I like most folks really didn’t have any idea of the history of Stonewall or any of the rebellions that preceded it. For me, Pride was a party! It was dykes on bikes, leathermen and leatherwomen. There might have been trans people there, but I didn’t know anything about trans-ness.
The most memorable pride for me was the year that I was one of the MC’s for the Dyke March. It was an amazing crowd and an awesome opportunity to rally and party with so many women who had kept me alive! They taught me, loved me, fought with me, mentored me – they were my anchors when I wanted to die. Standing in front of them, one thought kept ringing in my head. I was taking a chance from a black butch because I was too afraid to transition.
See, by then I knew I was a man. I knew I wanted to live freely as who I am. I also didn’t want to let go of the community that I loved so much. That moment on the stage shifted everything. I was no longer just a coward, I was a thief! I decided there and then that I had to stop taking space in the women’s community.
As much as I know about Compton’s, Cooper’s, Dewey’s and other pre-Stonewall uprisings, that Dyke March is still the one thing that comes up for me every year. That was my own rebellion, uprising, step to my emancipation into truth.
That was 20 years ago. I lost some of my friends from the community and retained others. My transition was quite bittersweet in the beginning.

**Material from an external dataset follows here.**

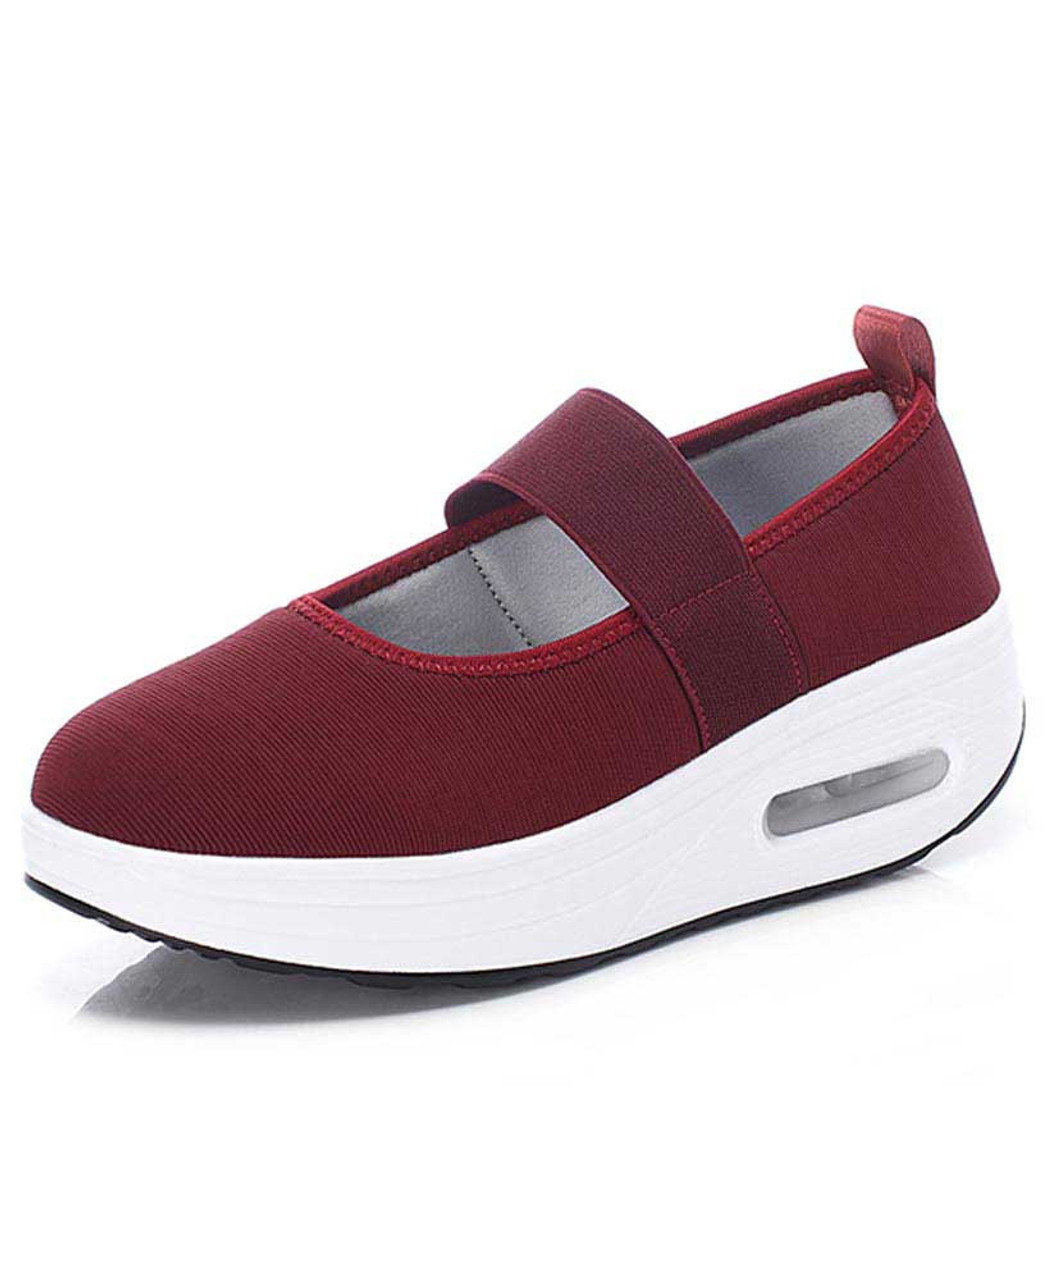 official photos 87149 96e6c Red low cut slip on rocker bottom shoe sneaker 1993

I’m grateful for those who remain and have compassion for many of those who couldn’t get past seeing in me the face of their oppressor or perpetrator.
In these decades that have gone by, I’ve seen our “community” for what it is – a group of sub-communities trying to survive while frequently trampling each other. I continue to work towards a time when each of us is safe and have our needs met. I pray and strive for the day when those in the margins of the margins feel that those with the most privilege care about them and their welfare.
The both/and of our “community” can be hard – we celebrate marriage equity and mourn the mounting murders of trans people, most often women of color. We are Ellen, Neil Patrick, Caitlyn, Chaz, LaVerne, Janet, Silas, Angelica, Tiq, Kylar, Lourdes, Kortney and the list keeps growing with very visible and high profile folks. I’m grateful for their service and the gifts they offer to community. We are also so many whose names we may never know – those who choose to live low and no disclosure, those who stay below the radar to survive.
We are parents and grandparents, children, siblings. We are represented in each and every segment of the population. Our ideas of pride are varied and sometimes in conflict with one another.
So, in 2018, I re-commit to being present for those at every level, in whatever ways that I can. Not because I’m so special, but because someone did it to make a way for me.
Louis Mitchell is executive director of Transfaith.